Император мог иметь советников, но друзей, едва ли. Только у своего брата и у сестер, чьи интересы были очень близки его собственным, Карл искал в течение всей своей жизни общения и совета. Как только появлялась возможность, они встречались друг с другом, то в резиденции семьи в Нидерландах, то снова во время заседаний Рейхстагов в Аугсбурге или Регенсбурге, или в замке деда в Инсбруке, где они обычно все вместе скакали верхом на охоту. Карл, в таком случае, обыкновенно писал Фердинанду и просил его о встрече: «потому что я очень хочу тебя увидеть и насладиться утешением и радостью твоего братского присутствия». Когда они были в разлуке, их длинные, полные подробностей письма, в которых было полно проблем, новостей и советов, отправлялись с посыльными вдоль и поперек через всю Европу.

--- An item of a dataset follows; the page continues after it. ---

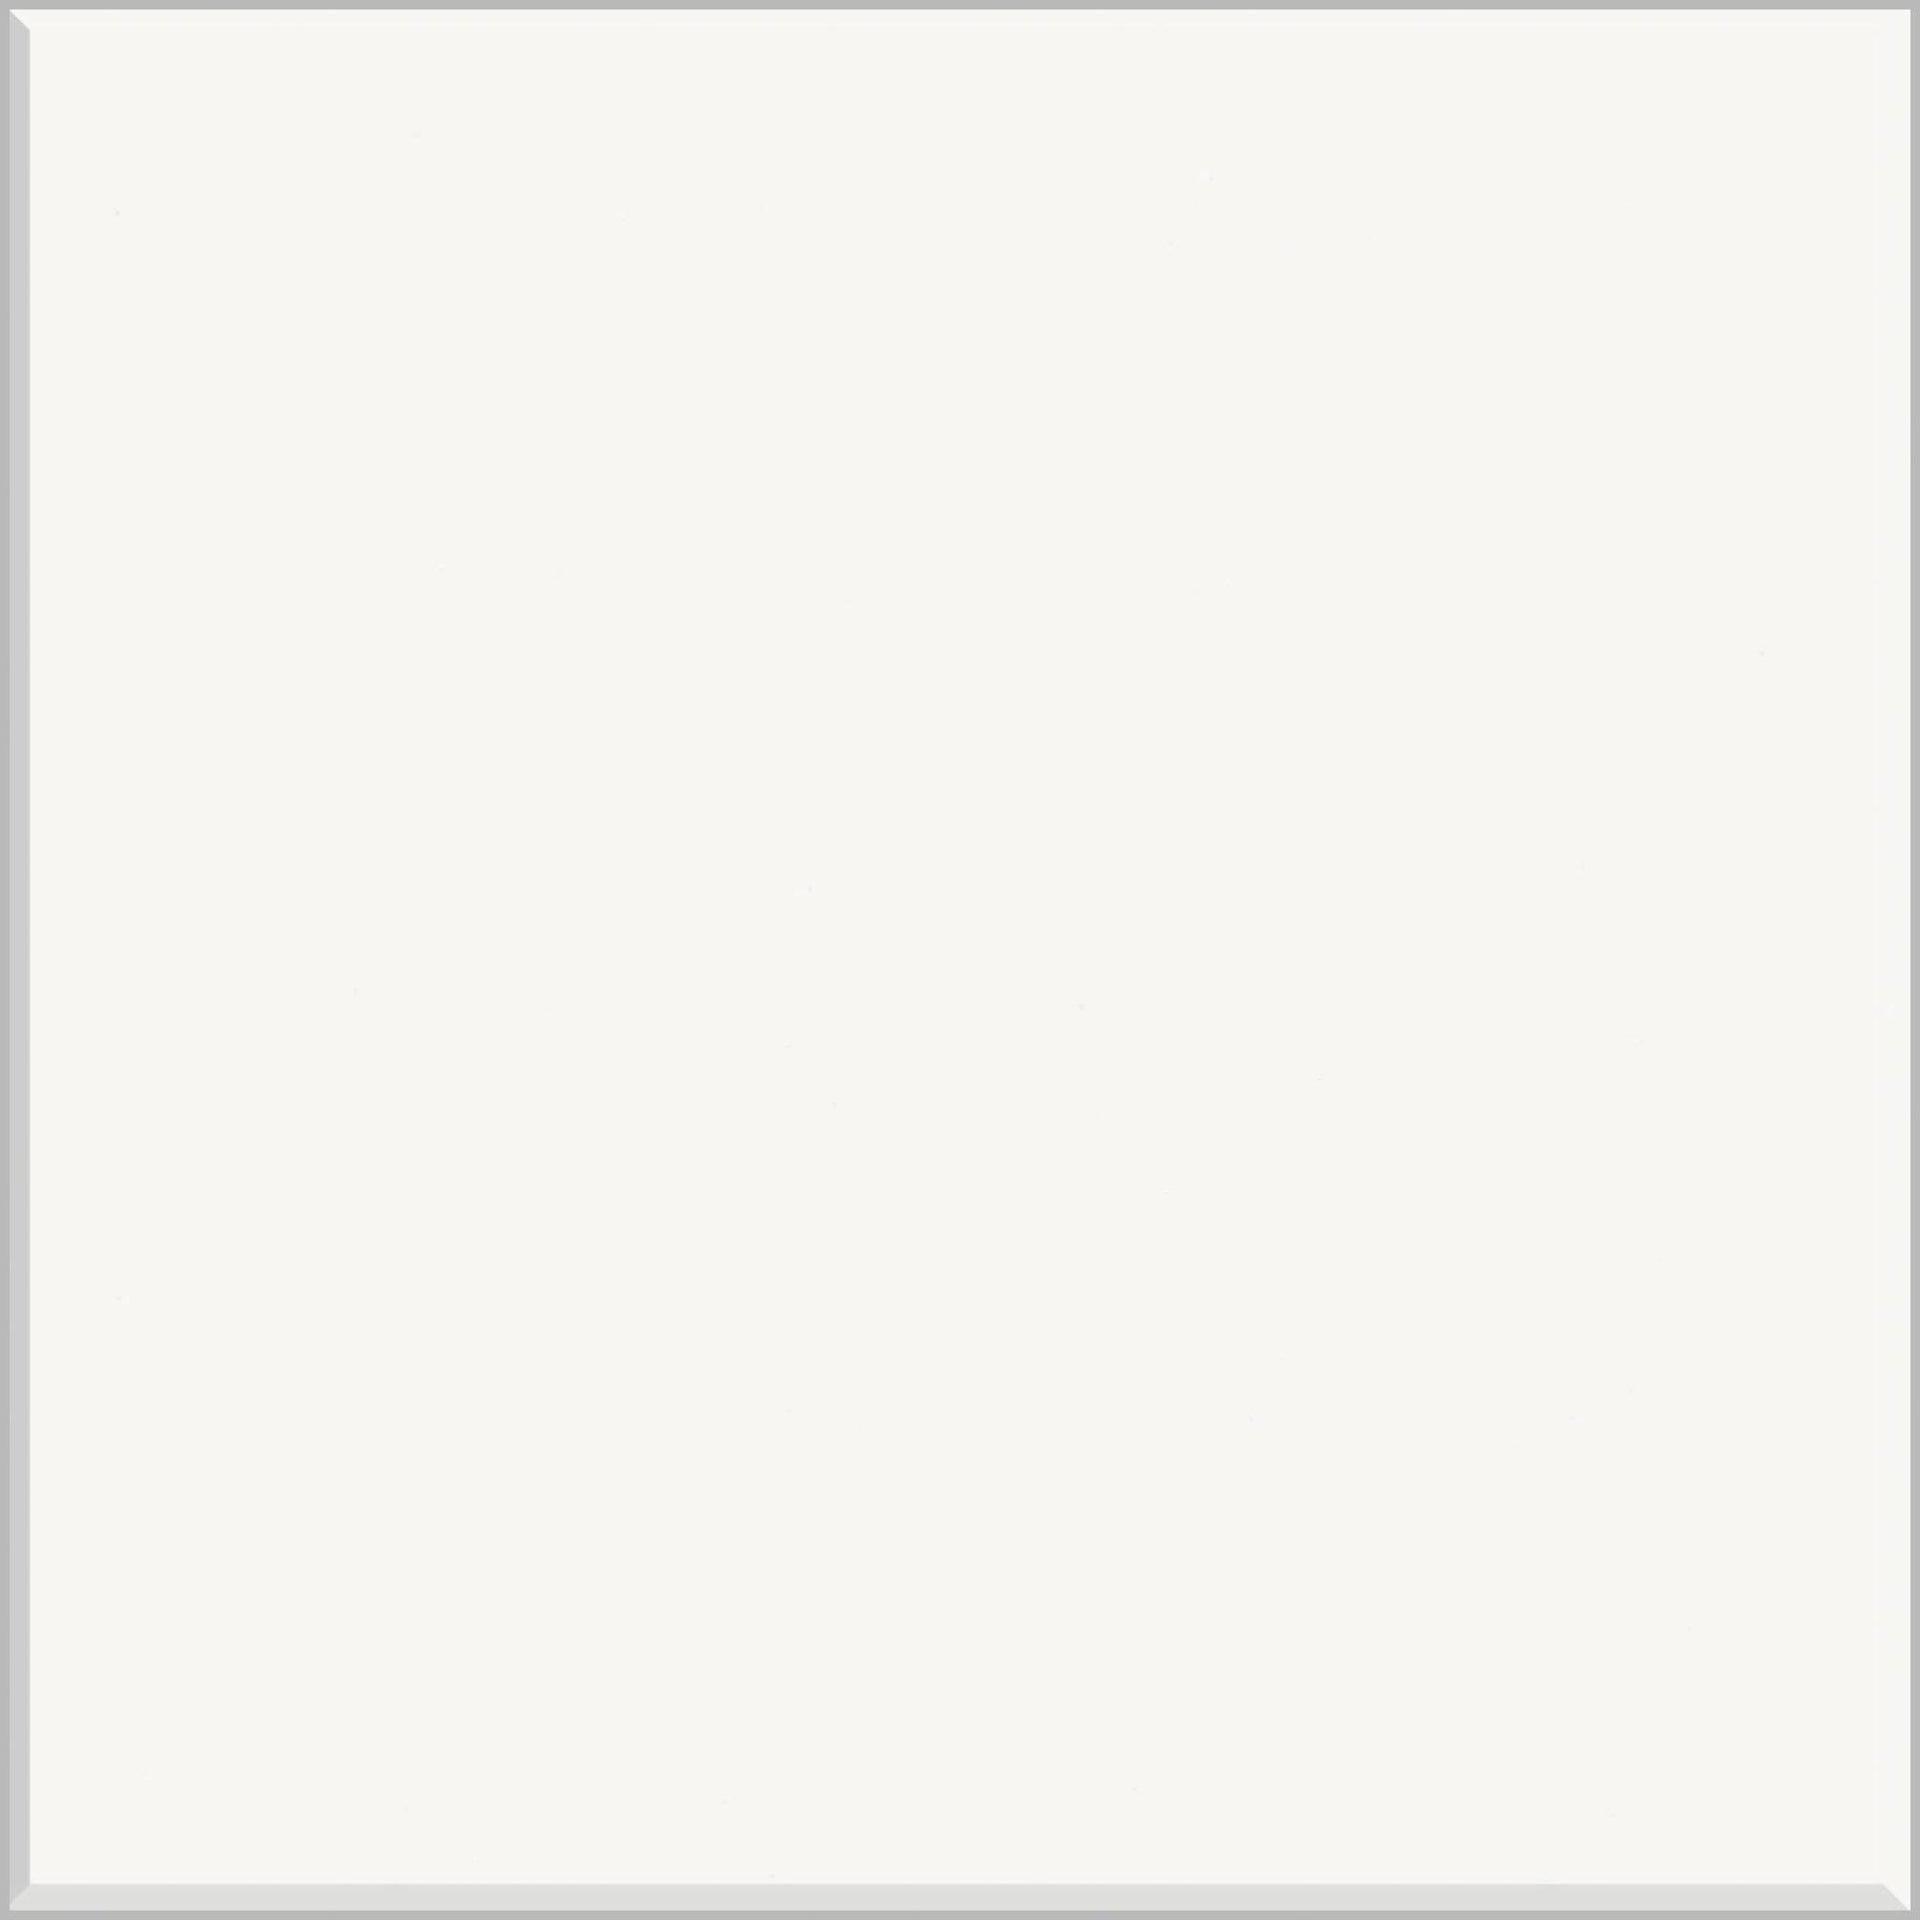 Piastrella per rivestimenti Brillant 10 x 10 cm sp. 6.5 mm bianco - 1

Правящая королева Маргарита, которая была так предана ему, не упустила возможности за день до своей смерти в 1530 году продиктовать самое последнее письмо Карлу, полное нежных и полных любви советов. «Монсеньер, пришел час, когда я не могу писать Вам своей рукой потому что я так больна, что я думаю моя жизнь продлится недолго. Я спокойна перед своей совестью и решила принять все, что мне пошлет Господь без боли, кроме одного: перед моей кончиной я не смогу видеть Вас и говорить с Вами…»
Роджер Эшем[137] сказал однажды про Карла: «Ничто не говорит в нем, кроме его языка». Редки были мгновения, в которые чувство настоящей озабоченности пробивалось сквозь его невозмутимую манеру держаться, как луч света через ставни окна. Он был очень привязан к маленькому Хуану[138], сыну своей сестры Изабеллы. Когда он отправился на заседание Рейхстага в Регенсбург в 1532 году, двенадцатилетний племянник сопровождал его. В то время как Карл лежал в постели с раной, полученной во время охоты, Хуан заболел и внезапно умер. Карл с болью писал своей сестре Марии: «Я глубоко огорчен, потому что это был самый красивый мальчик его возраста, которого можно себе представить. Его смерть трогает меня не меньше, чем смерть моего собственного сына, потому что я знал его лучше, и он был старше, и я относился к нему, словно к своему собственному ребенку…Это, должно быть, была Божья воля, но я не могу подавить скорбь оттого, что его взяли от нас. Да простит мне Бог, но лучше бы я лишился его отца. Однако, малыш там хорошо устроен. Он умер с таким небольшим грузом грехов, что если бы ему пришлось нести еще и мои, все равно ему было бы обеспечено вечное блаженство».